If you are, like me, one of those over-50 SA pros who regularly lurks on this Facebook page and occasionally wonders what has happened to our profession, I offer this:  we happen.  Those of us who occupy these jobs, whether it’s residence hall director or academic advisor or conduct coordinator or professor or dean or vice president—we are the profession.  None of us own it.  We rent it, having been given it in trust by those who mentored us, cared about us, taught us, gently corrected us.  We keep it safe and hand it to those who come after us, and who deserve the same mentoring, care, teaching and gentle correction.  We no doubt baffled and irritated our elders as young professionals, but think about the role models who mattered to you, and how they treated you.  Offer that to our young colleagues, modeling at every opportunity that the river that flows through student affairs is still shaped by our founding documents:  every individual has worth and dignity.

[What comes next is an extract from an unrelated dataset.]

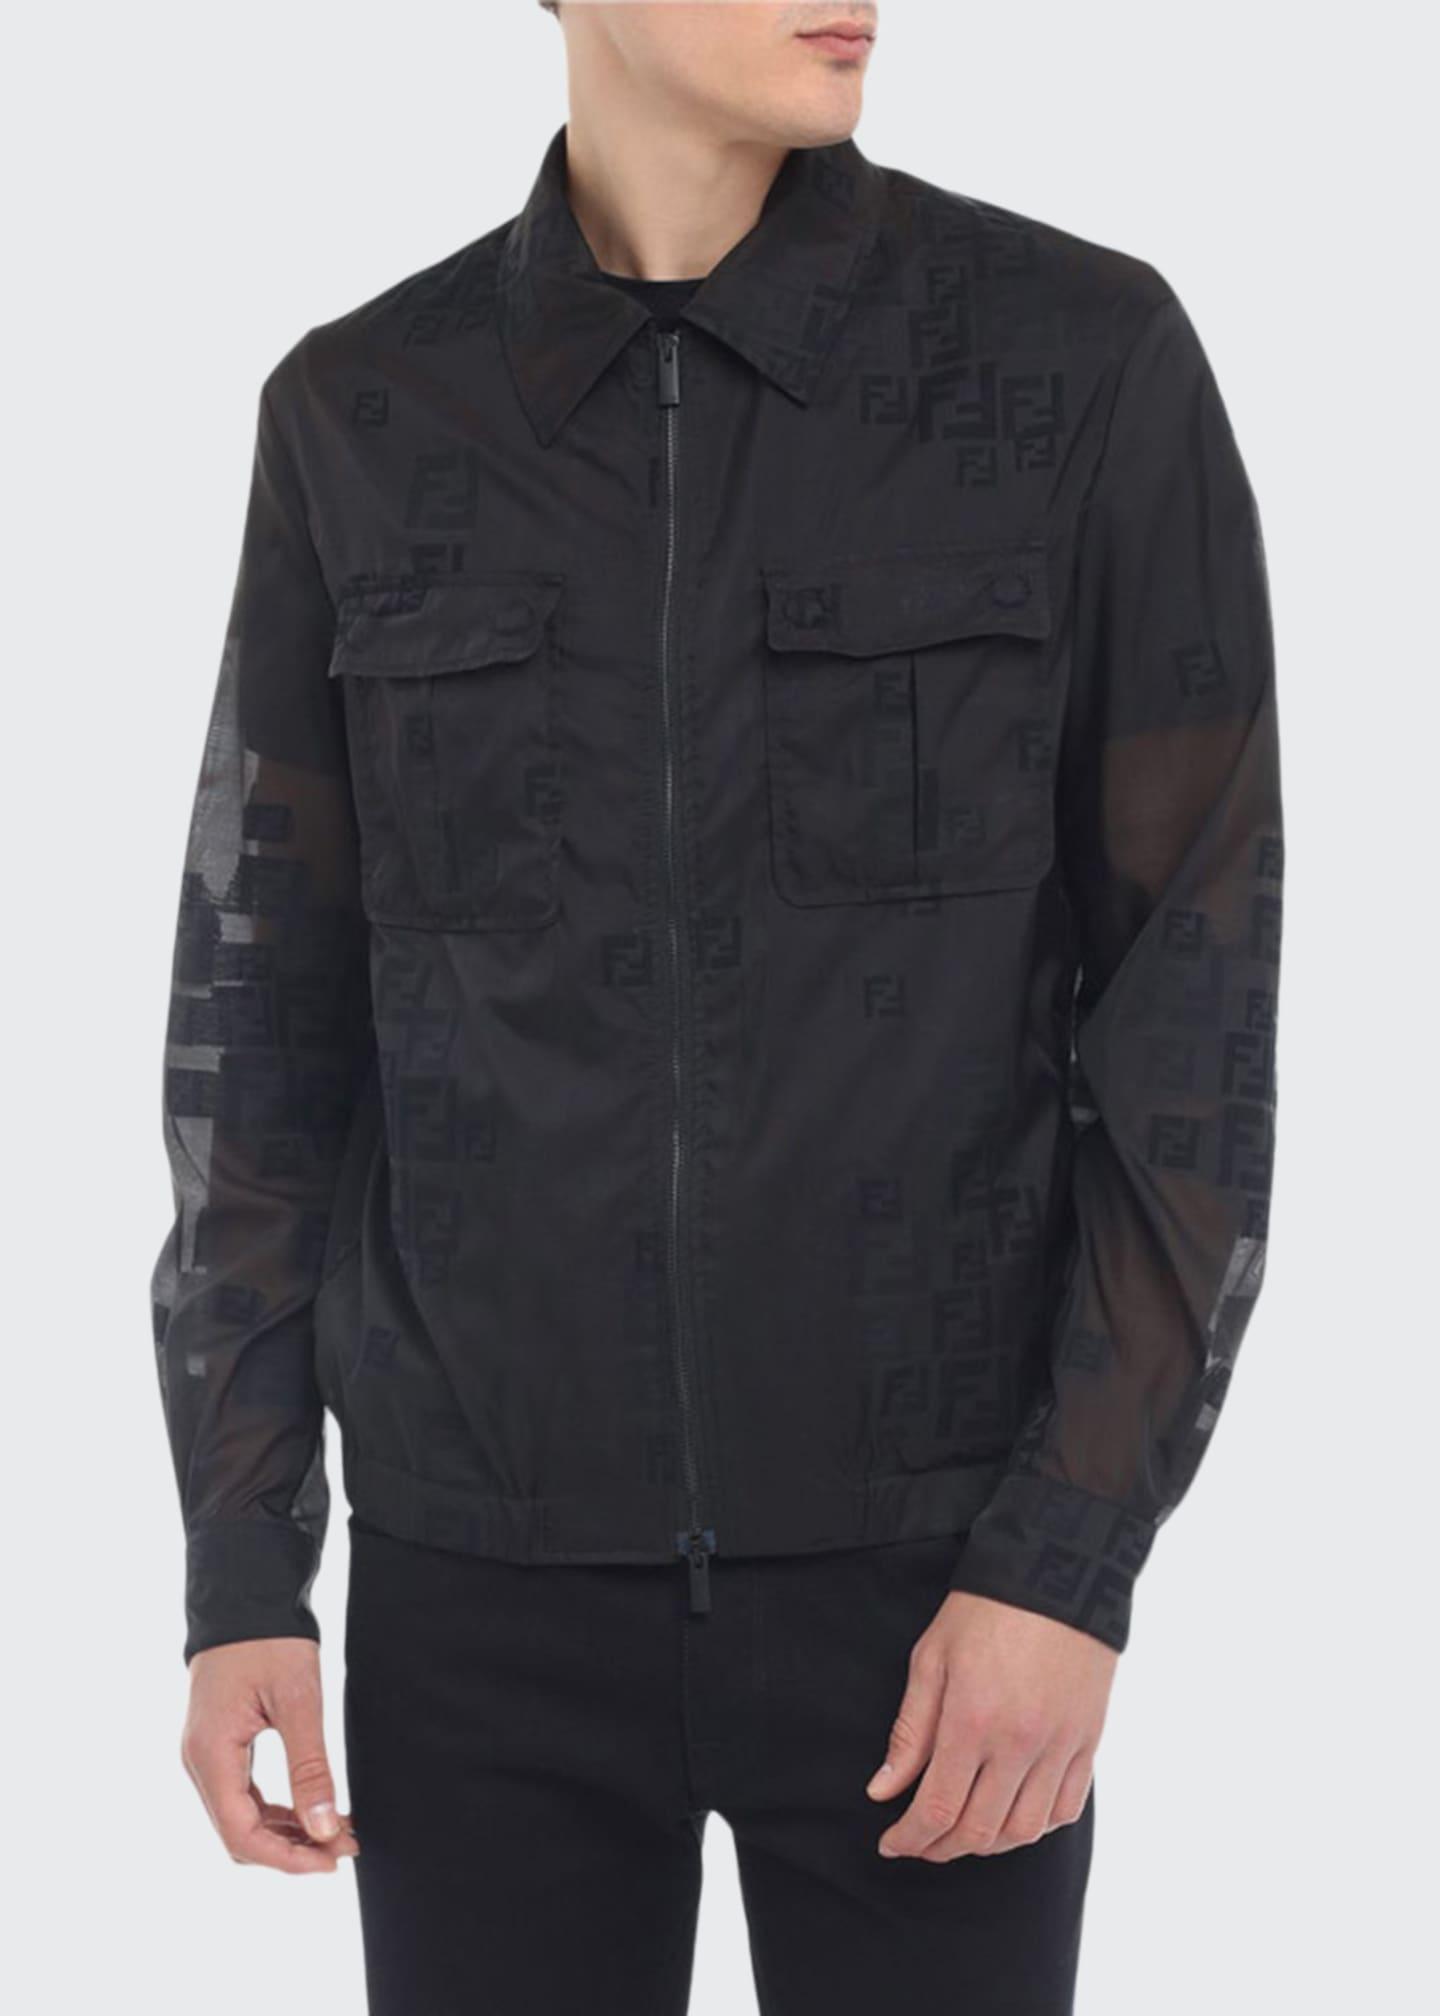 Fendi Men's Faded-FF Sheer Bomber Jacket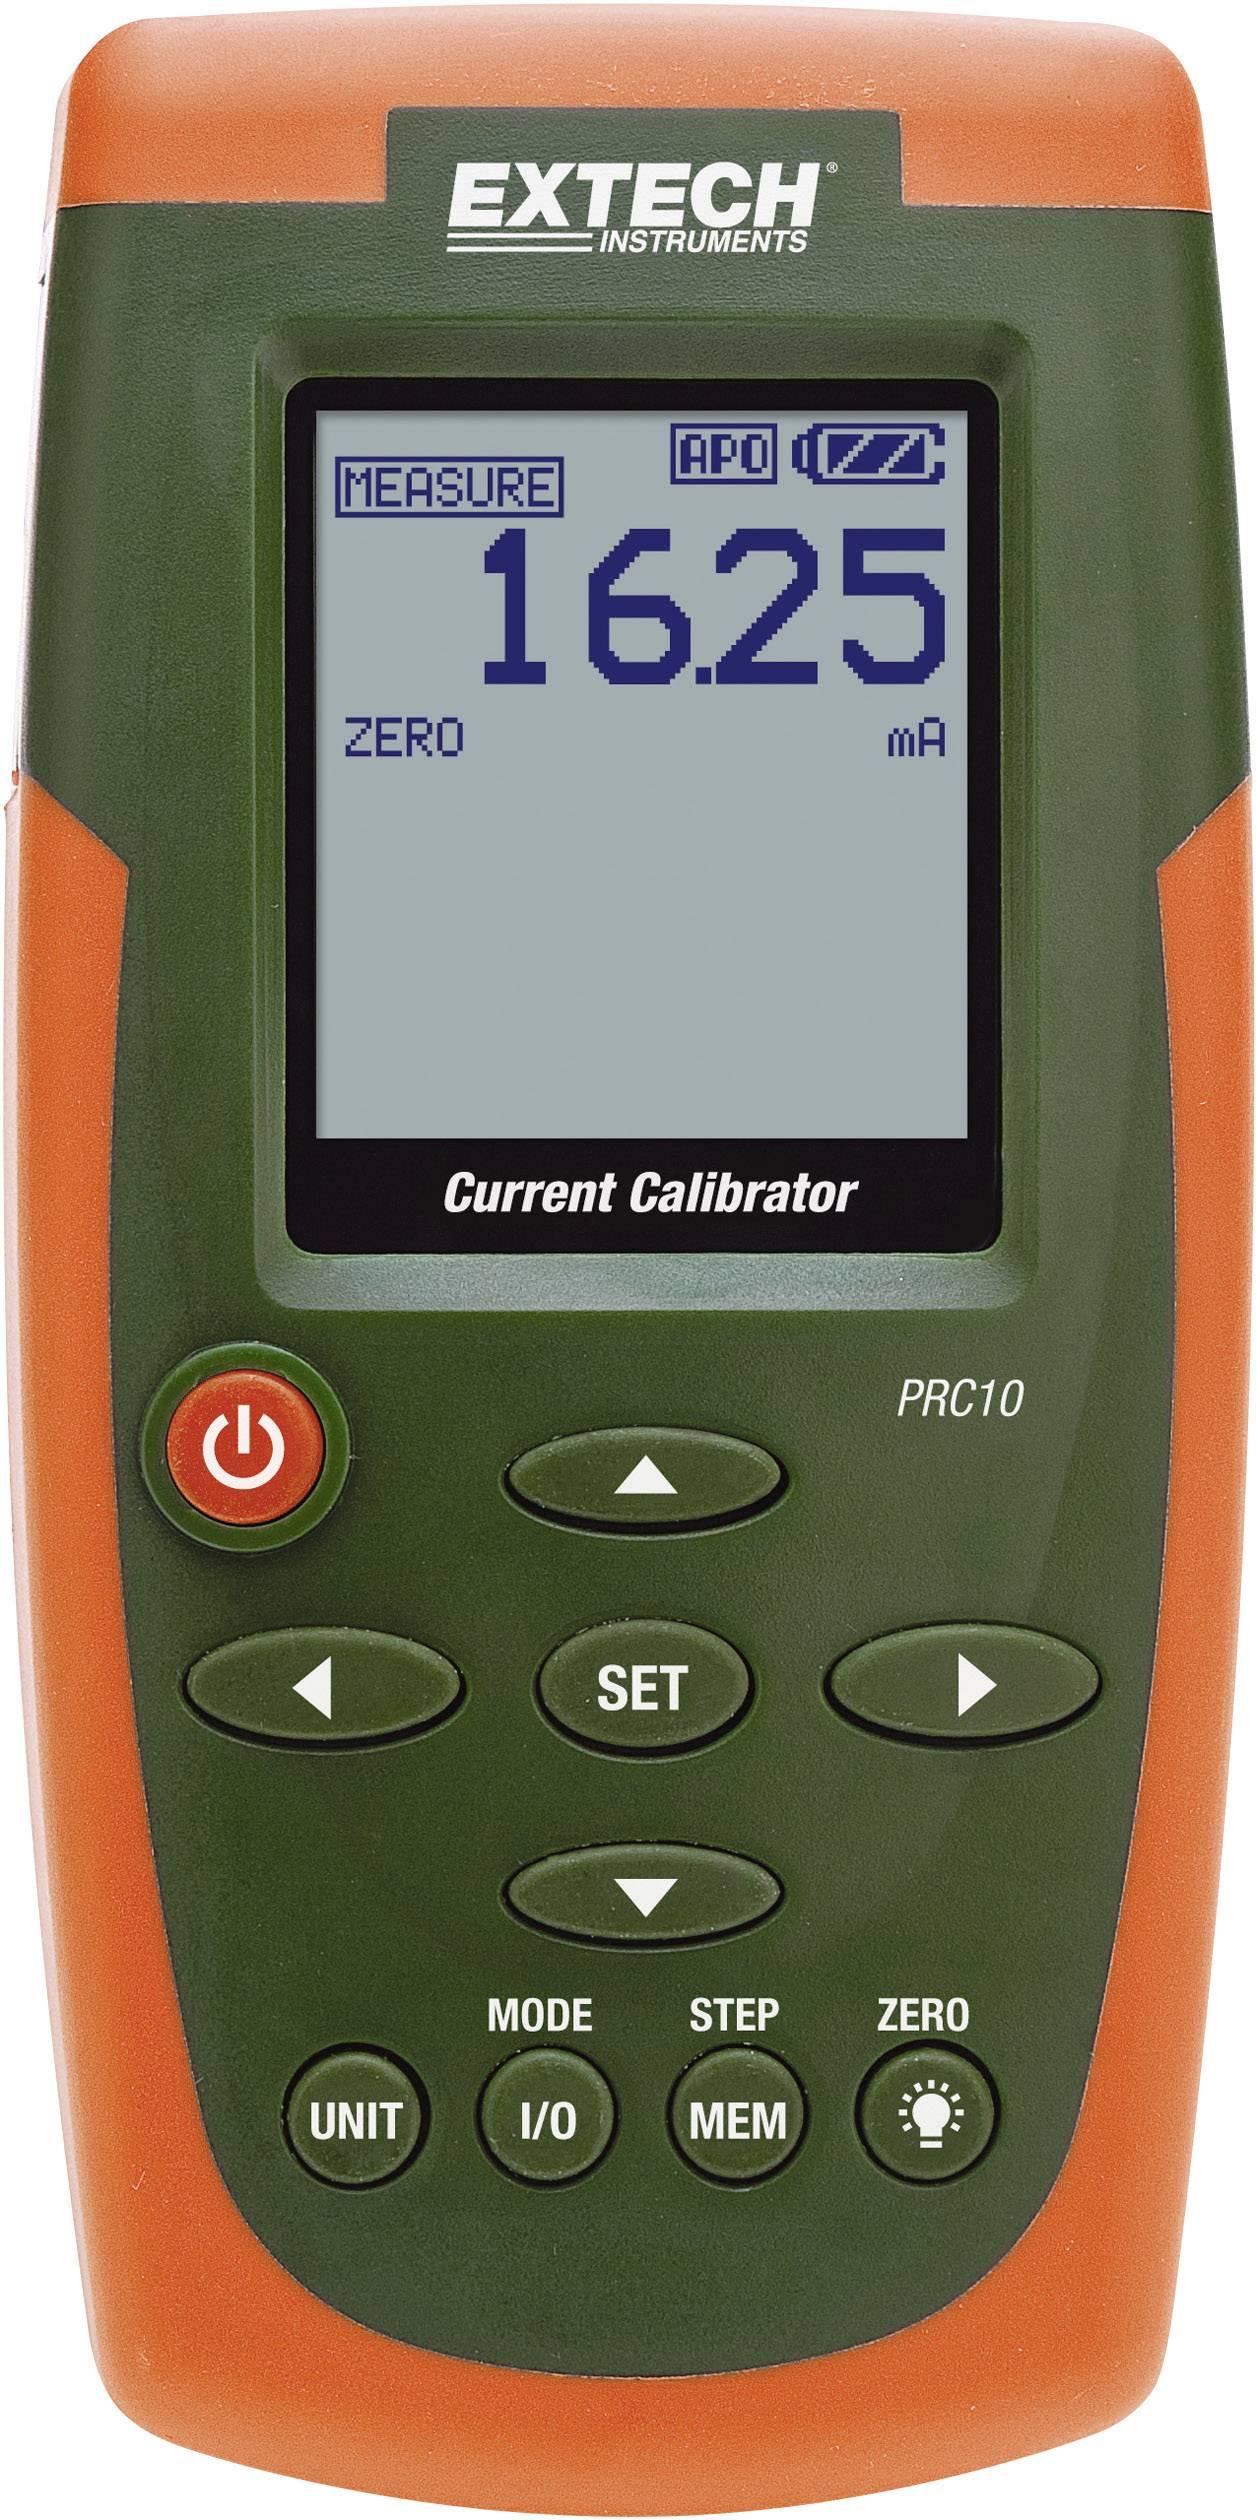 Extech PRC10 Kalibrator, Kalibrace do Kalibrováno dle ISO

If any of you young pros are still reading:  Thanks for all that I have learned from listening in on the sometimes difficult discourse.  No, I don’t post much, but I’m paying attention and while I may be old—ancient to some of you—I know I still have a lot to learn.  In your honor, I am going to replace that picture of my 19-year-old self with one from my earliest professional years so I can try, on a daily basis, to recall that passion, those deep emotions, that impatience and frustration, and when I see it in you, know that it is what student affairs has always needed, always had, and will continue to require.